5:05 pm            Introductions of the Evening’s Theme and its Facilitator:  Larry Hurst
The Jackal Meets the Body: Crossing Focusing and Nonviolent Communication
The jackal and the giraffe are used in non-violent communication (NVC) as symbols for two distinct modes of communication. The jackal signifies that we are vainly trying to communicate without any real connection to ourselves and others.  The jackal has the nasty habit of meeting its needs with criticisms and judgments, spoiling our attempts to relate fully to the situations that we encounter.

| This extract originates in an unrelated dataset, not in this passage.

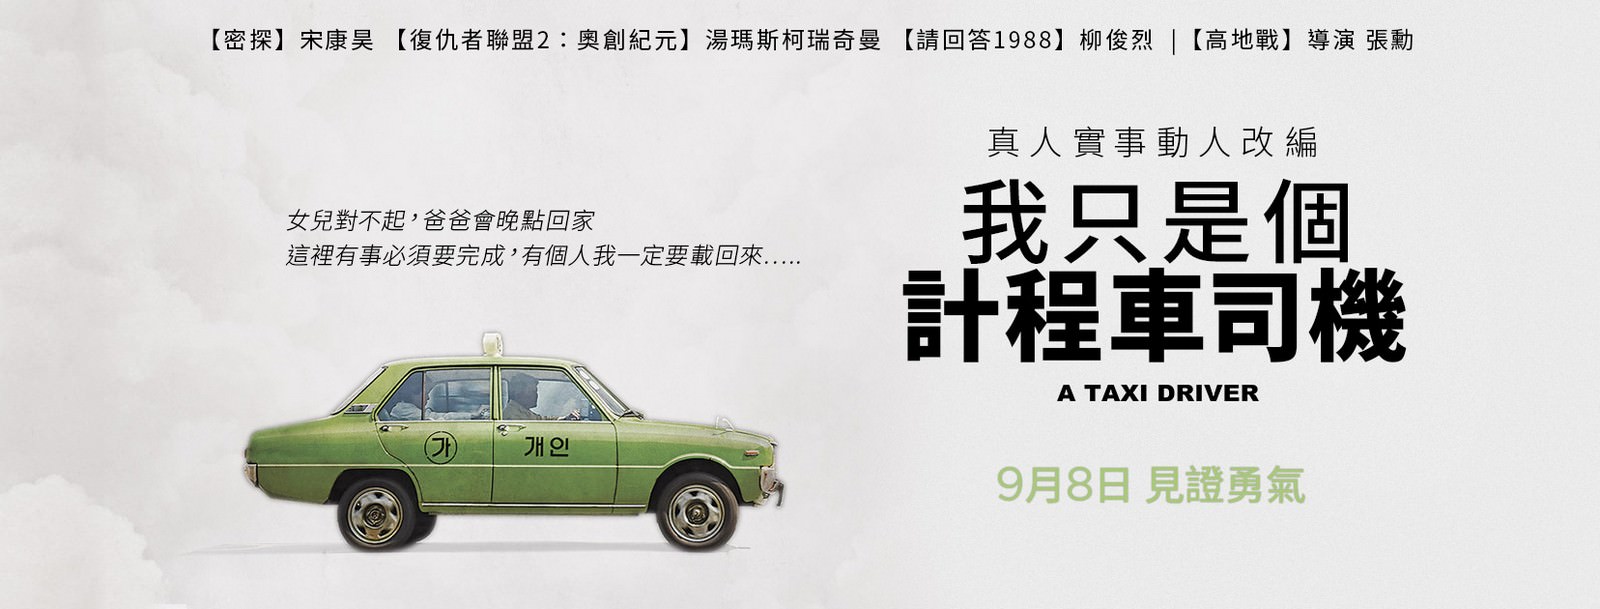 Movie, 택시 운전사(韓國, 2017年) / 我只是個計程車司機(台灣) / 逆權司機(香港) / 出租车司机(網路) / A Taxi Driver(英文), 電影海報, 台灣, 橫版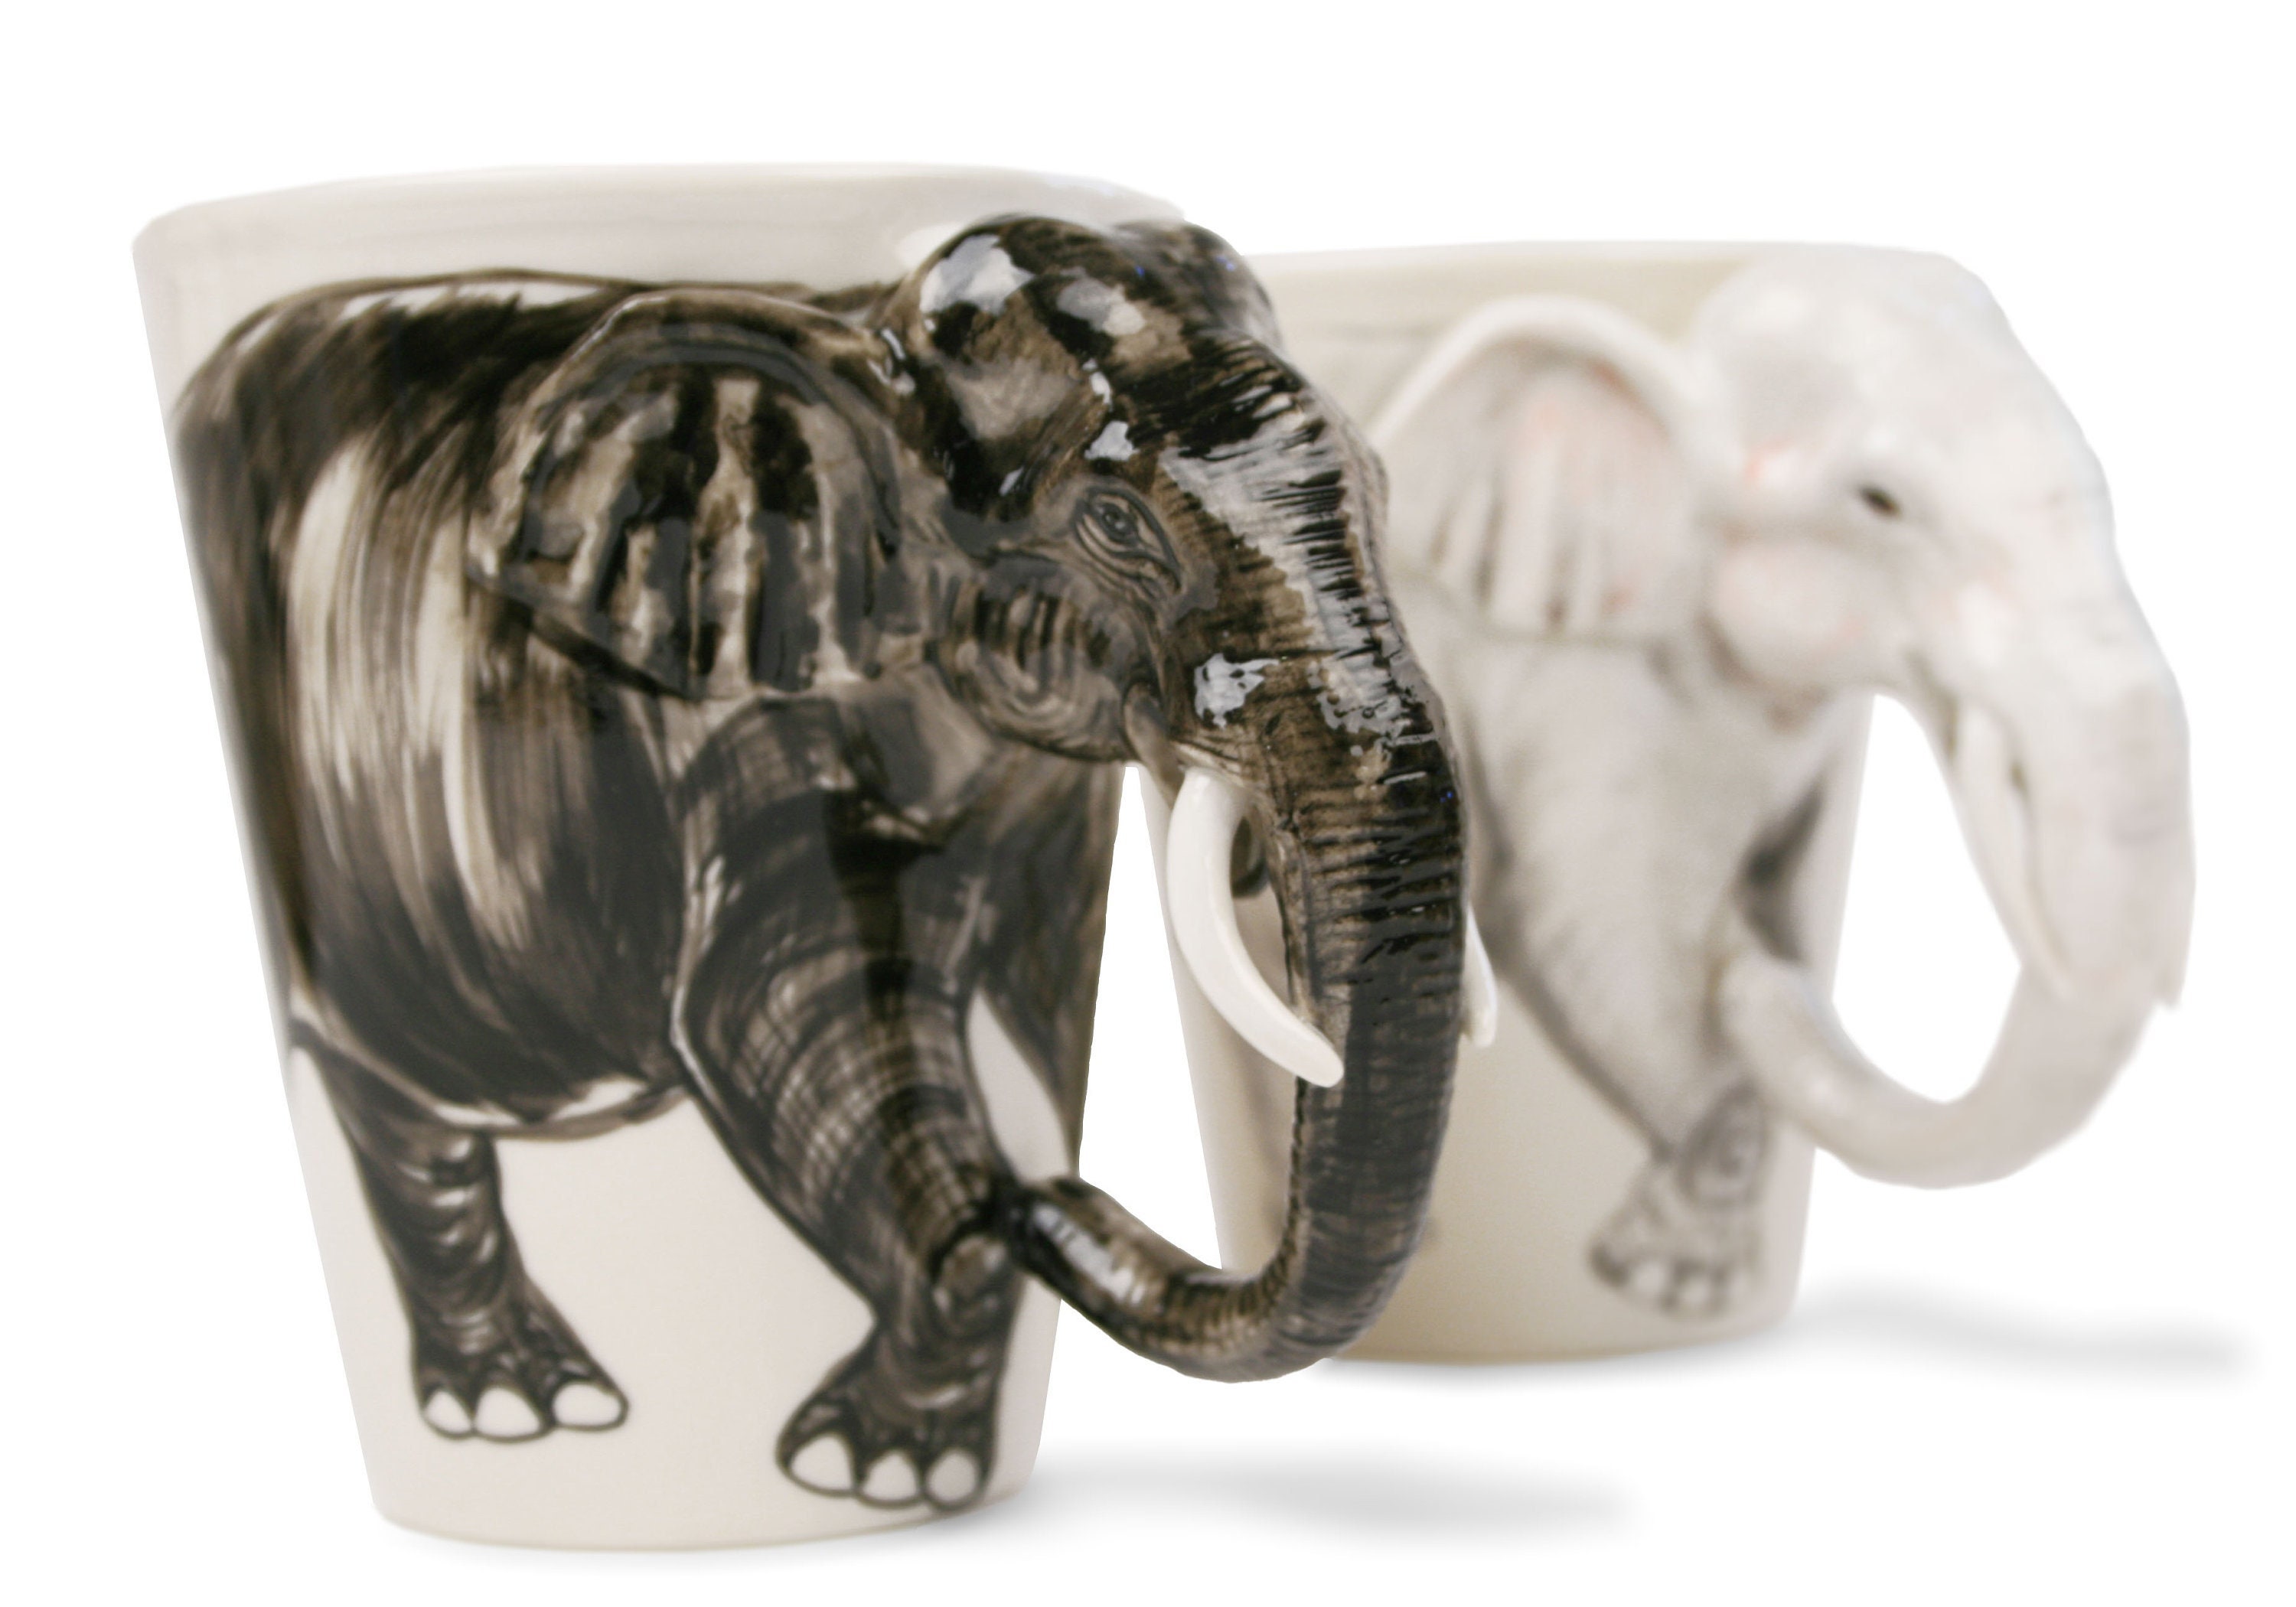 Funny White Elephant Gifts Coffee Mug, 11 Oz. White Elephant Gifts

The giraffe represents that which we are managing to communicate in a more life-serving way because we have learned how to make and maintain that connection.  That is the core of NVC and, once we understand it, we can use it to our advantage in our Focusing practice. 
In this experiential session, we will discover for ourselves how NVC can help us develop a more empathic attitude when faced with problems that require us to examine our feelings and needs.  An example is how to cope with the need to shift from anger to compassion.  We shall have an opportunity to draw upon our Focusing experience of the bodily felt sense - and the value of the 'pause' - to note the similarities and differences between an NVC shift and a Focusing shift, using real instances from our own lives.  Finally, we will explore in conversation what changes we have noticed taking place in ourselves during the session and how these might be carried forward.
This evening’s facilitator: Charles Herr, Ph.D. is a clinical psychologist, with training as a psychoanalyst at the William Alanson White Institute and as a Focusing-Oriented Psychotherapist.  He also has had intensive training in Dialectical Behavior Therapy. Charles has had extensive training in Nonviolent Communication, including an 9 day International Intensive Training with its founder, Marshall Rosenberg, and 5 years in a weekly Practice group with Thom Bond, Director for Education at the New York Center.  Charles was Director of Psychological Services for most of his 18 years as psychologist at Gouverneur Healthcare (and for many of those years also the Director of Internship Training.)  He retired from Gouverneur in September 2013 and is now in part time private practice.
6:45 pm         Refreshments & Networking
7:00 pm         Departure
 
(over please)

SAVE THE DATES FOR 2015 and 2016 NYMF MEETINGS
 
December 6, 2015      Sunday    4:30   7:00 pm – Joan Lavender: The Creation of an Experiential Environment
 
Sunday, January 31:  4:30 – 7:00 p.m.
 
Friday,  April 1:  6:30 – 9:00 p.m.
 
Friday, June 10:  6:30 – 9:00.
 
Friday, September 30:  6:30 – 9:00.
 
Sunday, December 4:  4:30 – 7:00.
 
For other focusing oriented events in the months ahead, please visit our website:      http://www.nymetrofocusing.org/calendar and the website of the Focusing Institute, http://www.focusing.org.
 
Planning Group:
Marcella Calabi, Cynthia Callsen, Susan Deisroth, Naomi Glicken, Larry Hurst, Sharron Kaplan and Diana Kirigin.
 
Friends of the Planning Group:  Christine Bubbico, Judith Cobb, Viktor Raykin, Anne Shollar, Mary Jane Wilkie
 
This is a grassroots, member-run organization.  We welcome your involvement.  The planning group meetings are open to anyone interested in attending.
 
New York Metro Focusing Mission Statement
 
The mission of New York Metro Focusing is to embody and carry forward the practice of Focusing and the philosophy that supports it as developed in the work of Eugene Gendlin and others.  By holding regularly scheduled meetings, NY Metro Focusing will offer members of this local geographic community ongoing opportunities to connect, share and grow in their appreciation and practice of Focusing.  The group will welcome newcomers by offering them an opportunity to learn about the life-enhancing practice of Focusing.  In this way, NY Metro Focusing will help to engender a thriving and visible presence for the practice of Focusing in the New York Metropolitan area.